12 września 2018

Udostępnij znajomym:

Domy opieki w całym kraju nie zapobiegają odleżynom i innym infekcjom, które mogą u pacjentów prowadzić do sepsy. Z badania przeprowadzonego przez Kaiser Health News (KHN) i dziennik “Chicago Tribune” wynika, że nikt nie śledzi tych przypadków wystarczająco blisko, więc trudno określić, ile osób rocznie umiera z powodu infekcji.

"To jest ogromny problem zdrowia publicznego w Stanach Zjednoczonych" - powiedział dr Steven Simpson, profesor medycyny na Uniwersytecie w Kansas i ekspert od sepsy. "Ludzie nie trafiają do domu opieki, aby dostać sepsy i umrzeć, a tak się dzieje” - dodał.

Raport federalny wykazał, że sepsa (posocznica) była najczęstszym powodem hospitalizacji pensjonariuszy domów spokojnej starości. Takie przypadki kończyły się śmiercią "znacznie częściej" niż hospitalizacje z powodu innych schorzeń.

Specjalna analiza przeprowadzona dla Kaiser Health News przez Definitive Healthcare, prywatną firmę zajmującą się danymi na temat opieki zdrowotnej, również sugeruje, że liczba takich przypadków śmiertelnych i koszta leczenia są poważne.

Po przeanalizowaniu danych dotyczących mieszkańców domów opieki, którzy zostali przeniesieni do szpitali, a później zmarli, firma stwierdziła, że sepsa była przyczyną zgonu 25,000 osób rocznie. Ich leczenie kosztuje Medicare ponad $2 miliardy rocznie - wynika z danych za lata 2012-2016 przeanalizowanych przez Definitive Healthcare.

W Illinois około 6,000 rocznie osób nabawiło się sepsy, a 1 na 5 osób nie przeżyła, zgodnie z analizą Definitive.

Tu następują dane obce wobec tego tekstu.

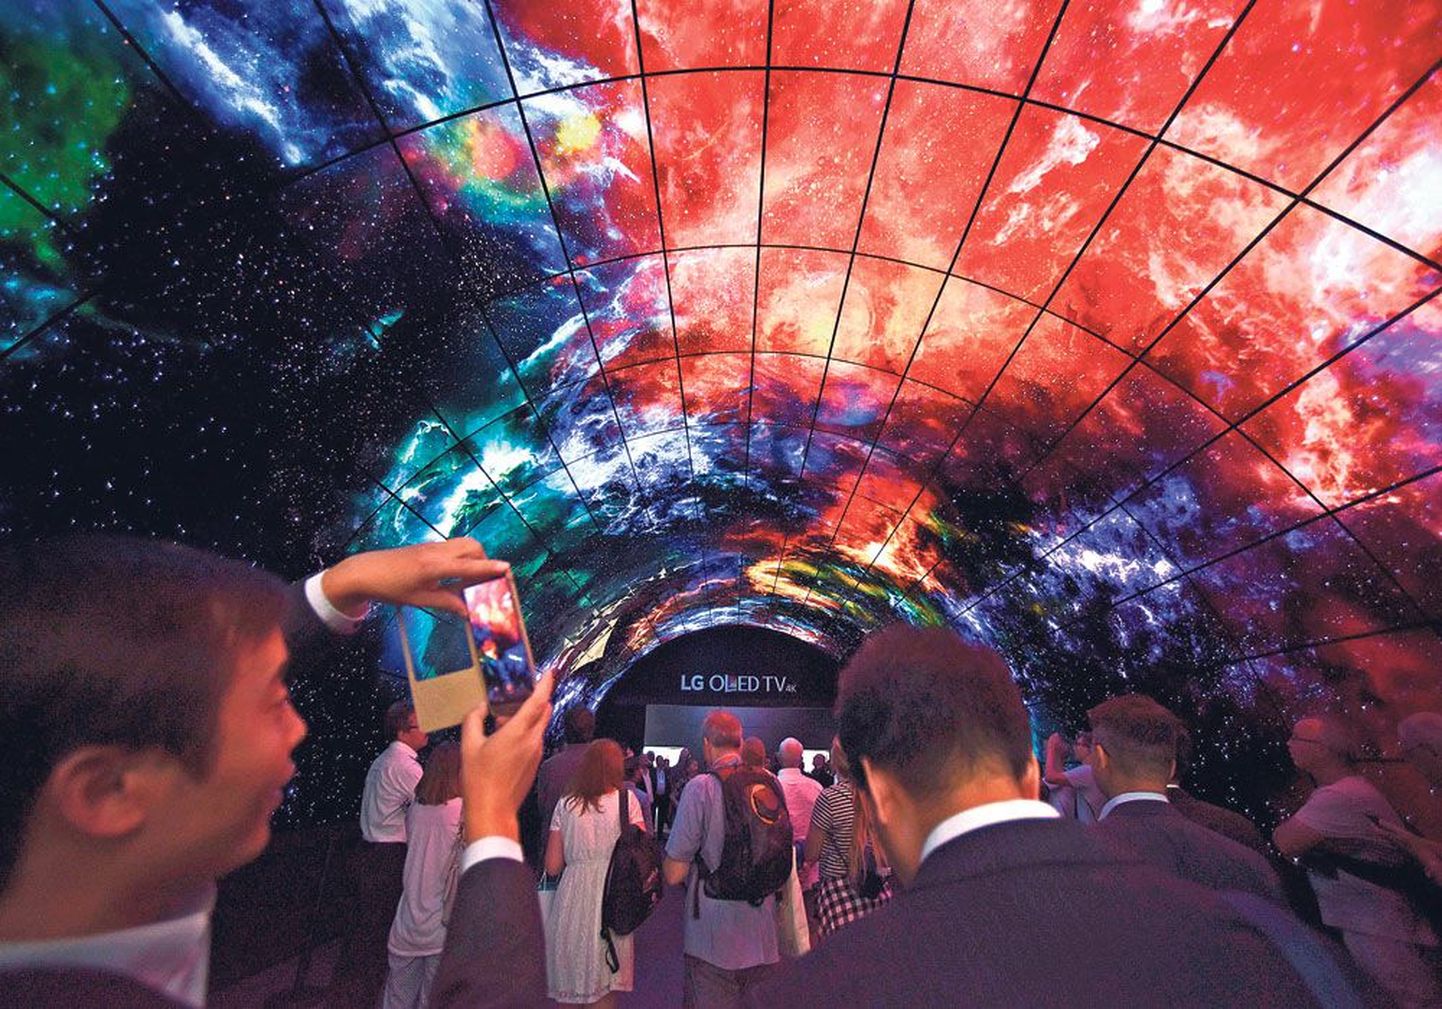 Прежде чем попасть на выставку, гости должны были пройти по туннелю, построенному южнокорейской фирмой LG из 216 изогнутых 55-дюймовых дисплеев OLED.

Do sepsy najczęściej dochodzi w warunkach oddziału intensywnej terapii. Dzieje się tak ze względu na ciężki stan przebywających tam chorych oraz liczbę wykonywanych inwazyjnych procedur medycznych niezbędnych w procesie terapeutycznym. Poza szpitalem sepsa dotyka głównie dzieci i młodzież oraz osoby starsze i osłabione. Szczególnie narażone są osoby przebywające przez długi okres w dużych skupiskach ludzkich, takich właśnie jak domy opieki.

Sepsa (posocznica) to specyficzna reakcja organizmu na zakażenie. Nie jest samodzielną jednostką chorobową, a obecnie definiuje się ją jako zagrażającą życiu dysfunkcję narządową spowodowaną zaburzoną regulacją odpowiedzi ustroju na zakażenie. Dawniej sepsą nazywano zespół ogólnoustrojowej reakcji zapalnej (SIRS) wywołany zakażeniem.

Leczenie sepsy jest długotrwałe i obarczone dużym ryzykiem niepowodzenia. Powinno się odbywać na oddziałach intensywnej terapii, gdzie pacjentowi można zapewnić odpowiednią opiekę. Jest długotrwałe, wymagające dużych nakładów finansowych i obarczone dużą śmiertelnością.

Przepisy federalne wymagają, aby domy opieki czy spokojnej starości przyjęły rygorystyczne standardy kontroli zakażeń, aby zminimalizować liczbę zachorowań. Z wielu złożonych pozwów wynika, że odleżyny i inne powszechne infekcje spowodowały poważną chorobę lub doprowadziły do śmierci. Do sądów w powiecie Cook wpłynęło więcej takich pozwów niż w jakimkolwiek innym podobnym obszarze metropolitarnym.

Z raportów sporządzonych po inspekcji przeprowadzonej przez Centers for Medicare & Medicaid Services - CMS wynika, że od 2015 roku 94 procent domów opieki działających w Illinois odnotowało co najmniej jedno odniesienie do warunków zwiększających ryzyko zakażenia. Dotyczy to opieki związanej z odleżynami, cewnikami, rurkami do karmienia oraz ogólnym programem kontroli zakażeń w ośrodkach.

"Małe infekcje przechodzą w wielkie i zabijają ludzi w domach opieki" - powiedział William Dean, prawnik z Miami, który ma ponad dwadzieścia lat doświadczeń w sprawach dotyczących domów opieki.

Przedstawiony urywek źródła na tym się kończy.